Elizabethtown opens October 14.
October 05, 2005
Sinead Goes Reggae
Just turned on Leno, and was surprised to see Moby performing with a full-out reggae band backing him. Except it wasn't Moby - it was Sinead O'Connor! You can understand my confusion - they are both tiny little bald-headed women. Anyway, it turns out that Sinead just released an entire album of classic reggae! Thank GOD someone has stepped up to continue the great tradition of Irish Reggae - a tradition that started with James Joyce and the Dubliners' classic 1938 recording "Bloom in Babylon".
Now if only Ziggy Marley would finally release his new collection of angry, feminist alt-folk... then popular culture could finally collapse under its own weight. And I could go get a sandwich.
October 02, 2005
Six Experiential Phases of a Saturday Night Live Comedy Sketch
1. Sketch begins, Comedic Premise is established. Viewer experiences strong doubts regarding efficacy of Comedic Premise. Still, viewer retains hope that through imaginative execution, Comedic Premise can be effectuated humorously.
2. As Sketch proceeds, viewer's expectation of humor decreases over time (as shown below).

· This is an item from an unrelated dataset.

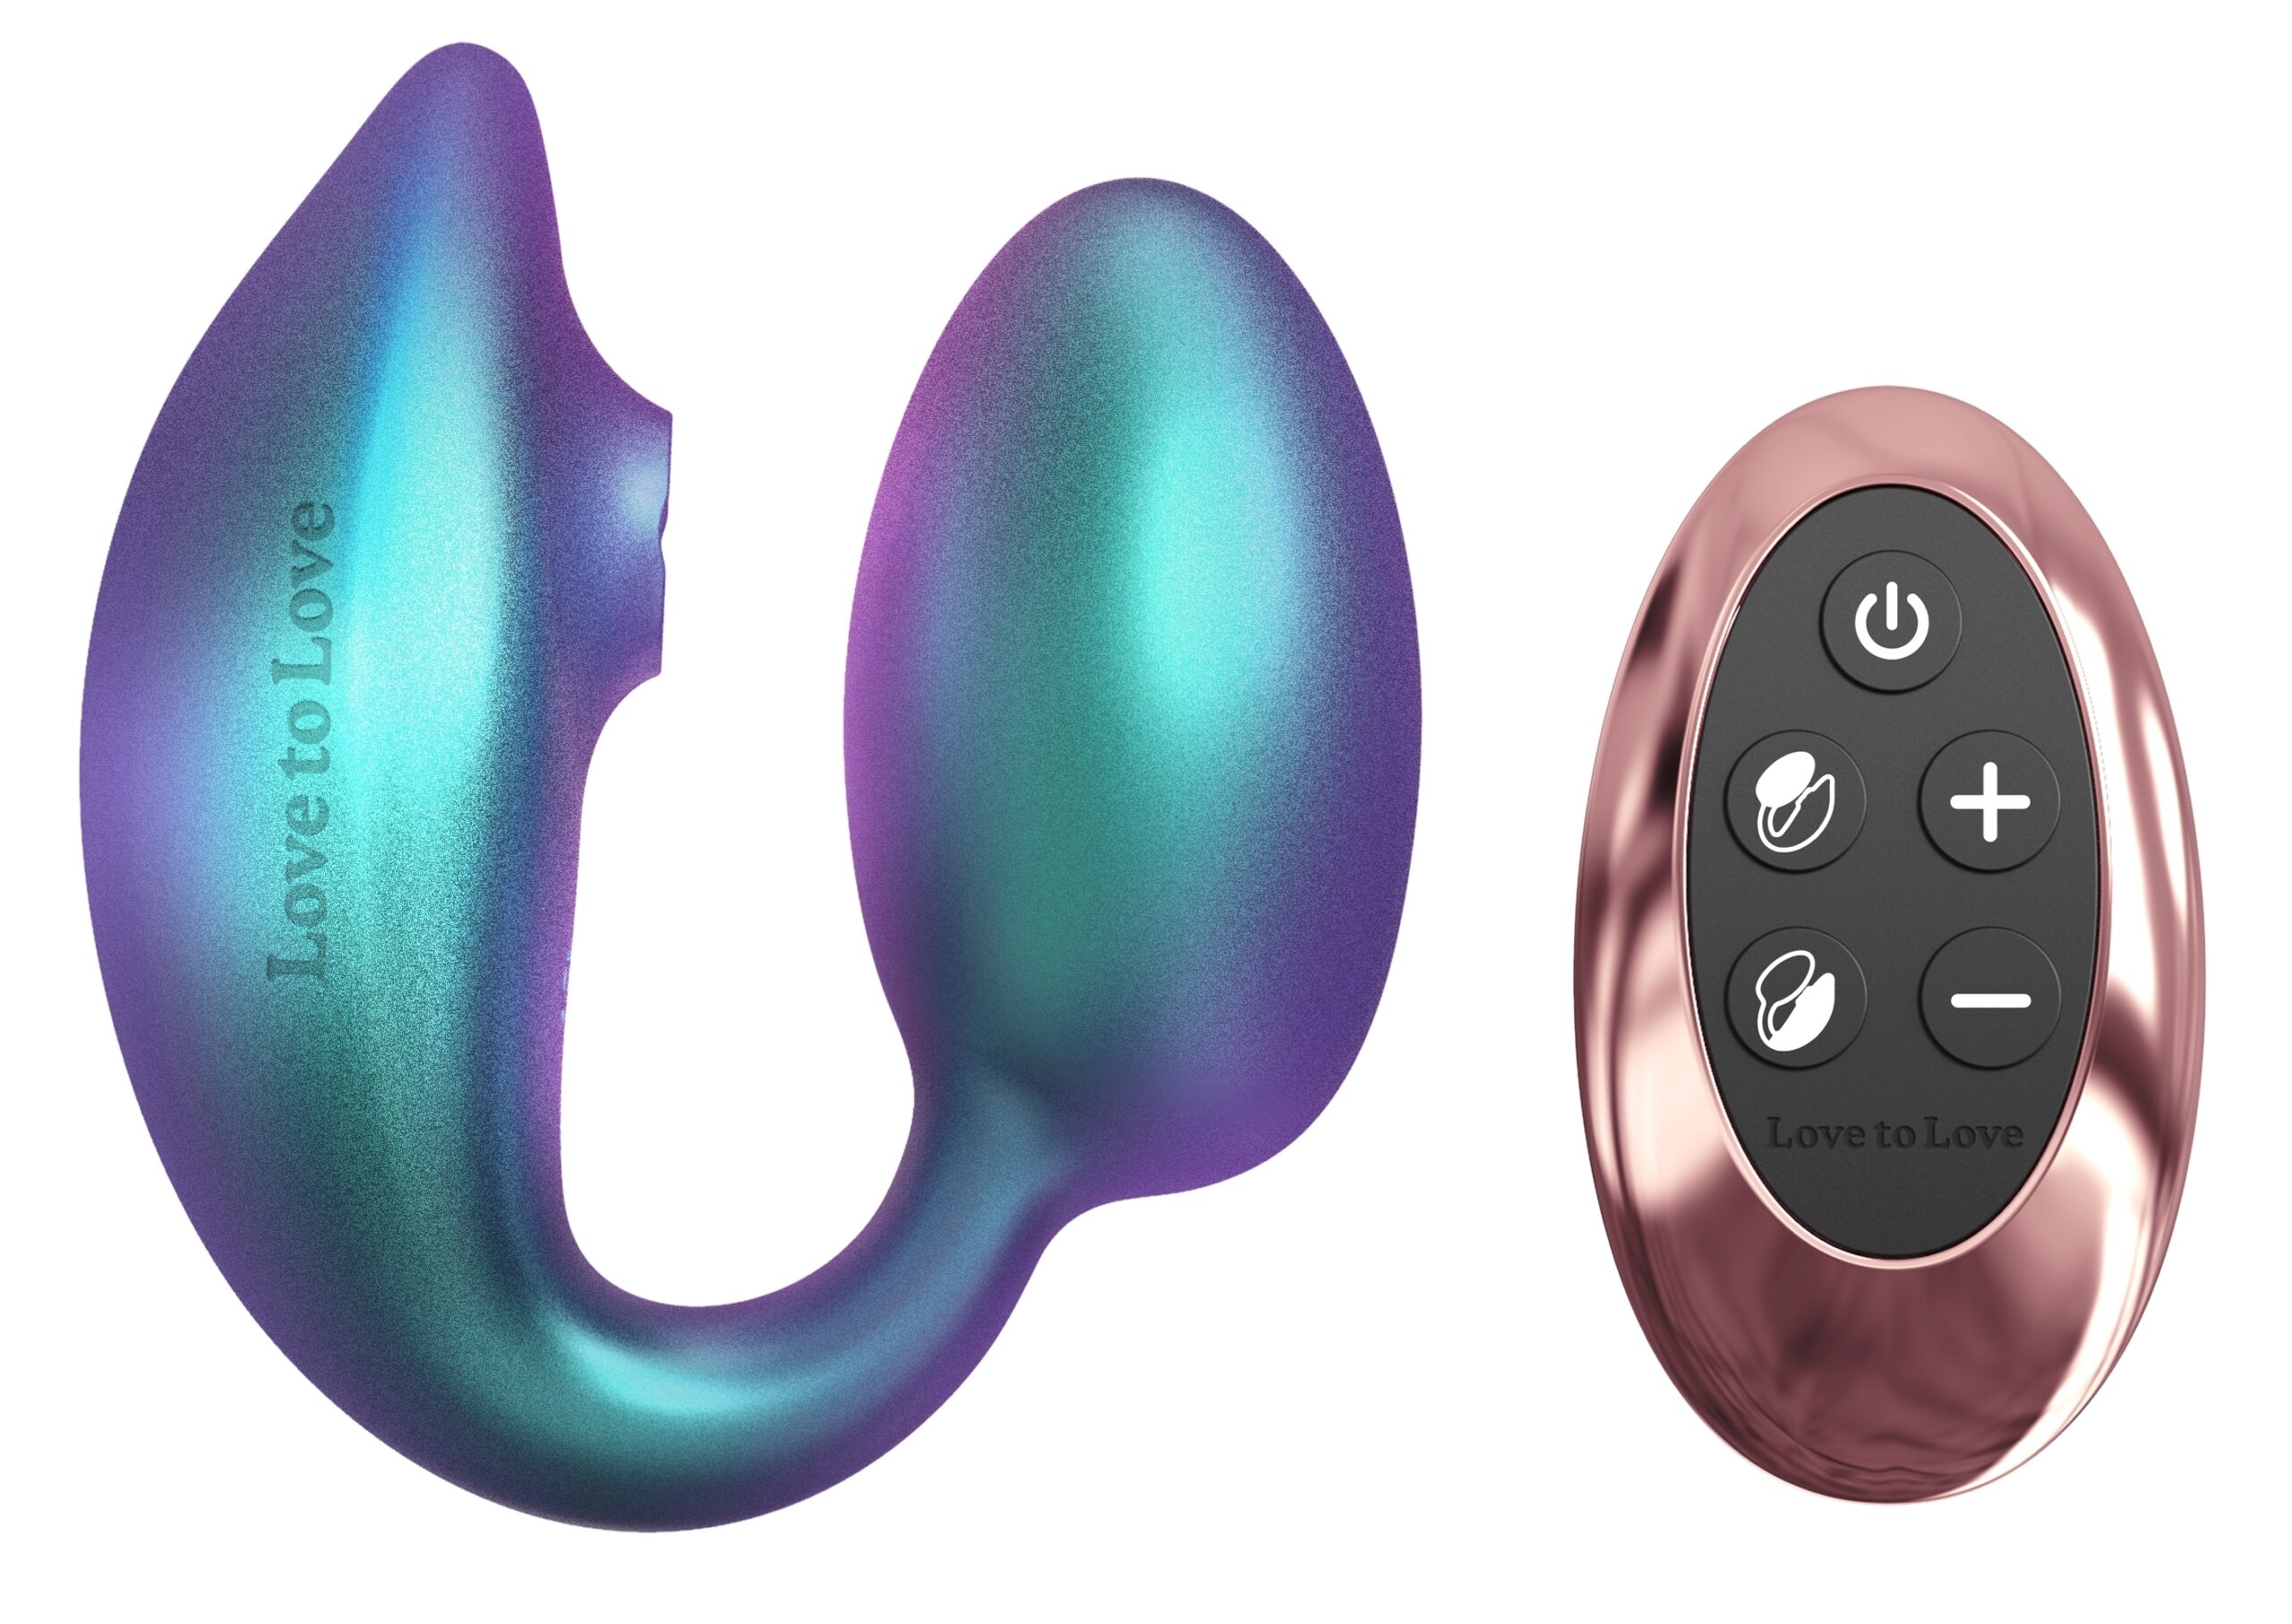 Le stimulateur Wonderlover conçu avec un oeuf vibrant stimulant le point G.Le stimulateur de clitoris effet succion

3. Sketch continues, ineffectually. Viewer begins to suspect some kind of comedic misdirection: Is this Metahumor? Anti-humor? Perhaps the lack of discernible humor is the joke? Viewer awaits the conclusion of Sketch, anticipating some ingenious Comedic Twist that will justify the Sketch's apparent tedium.
4. Sketch concludes, sans Comedic Twist. Viewer is surprised, then shocked, then confused, then enraged.
5. Viewer wonders why Sketch Comedy Program is still broadcast on national television.
6. Viewer wishes Dave Chappelle would get his shit together and bring decent Sketch Comedy back to TV.